Cecilia entre dos mares (39). No comprendieron nuestro amor (I)

Cecilia le decía, a veces: "Nuestro amor es imposible". Y a continuación le refería una amplia retahíla de causas por las cuales era mejor que su historia no creciera. La primera, la familia de Iturregui. Su mujer y sus hijos, que eran mudos testigos de una infidelidad, de una relación que se desarrollaba más allá de las normas, tanto más allá que se enfrentaba directamente a ellas. Luego estaban las demás cosas. Estaba, por ejemplo, la actitud de la gente. En el Lyon D'Or, en la Bilbaina, en el Amparo... Miguel notaba siempre las miradas duras, frías; los saludos distantes de sus amigos, de las personas "comme il faut" del Bilbao de toda la vida. Pero también advertía, quizás de una forma un tanto ingenua, que solo se trataba de las primeras expresiones. Luego, a lo mejor, después de verle con ella, la cosa cambiaba. Y es que tenia la sensación de que daba comienzo una reacción muy diferente, la presidida por la envidia. Porque Cecilia les gustaba a todos, no solo a él. Aunque era él quien paseaba a Cecilia, era él quien convidaba a Cecilia a comer, era él quien publicaba sus poemas. Sus poemas. Ya no eran textos rescatados de sus libros de Arequipa; versos dedicados a no se sabia muy bien qué persona. Los poemas de hoy eran suyos, eran de Miguel, pensados en Miguel, contando su amor por él.

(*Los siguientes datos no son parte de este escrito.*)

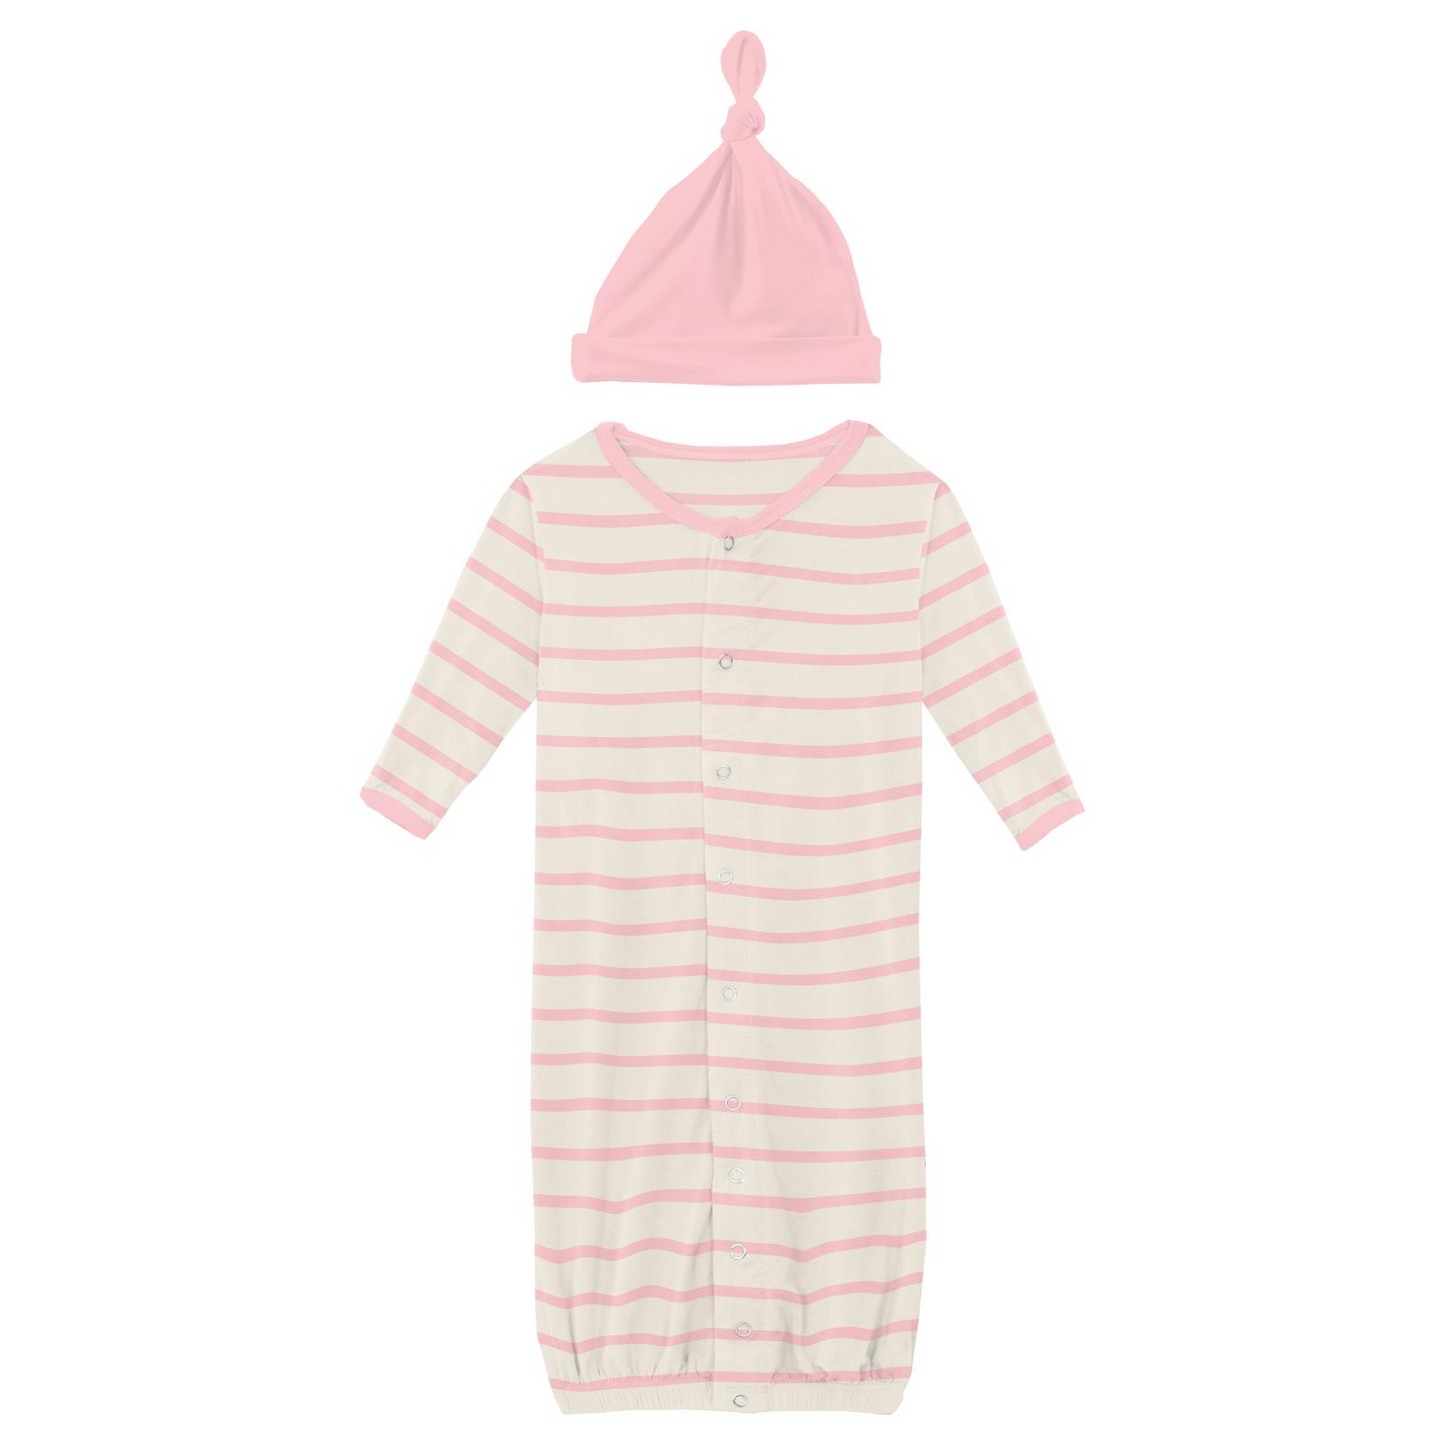 Layette Gown Converter & Single Knot Hat Set

Como ese que decía: "Sigue así, Con tu querer distante, Que me vuelve loca. Llévate a donde vayas, Mi corazón, Que yo no tengo razón Pata olvidarte. Pero, ven. No ye alejes mucho de mi boca Tengo las manos frías, Mi cuerpo anhelante Te desea Sigue así, Y déjame que sea Para ti Como la sombra de una rosa diletante.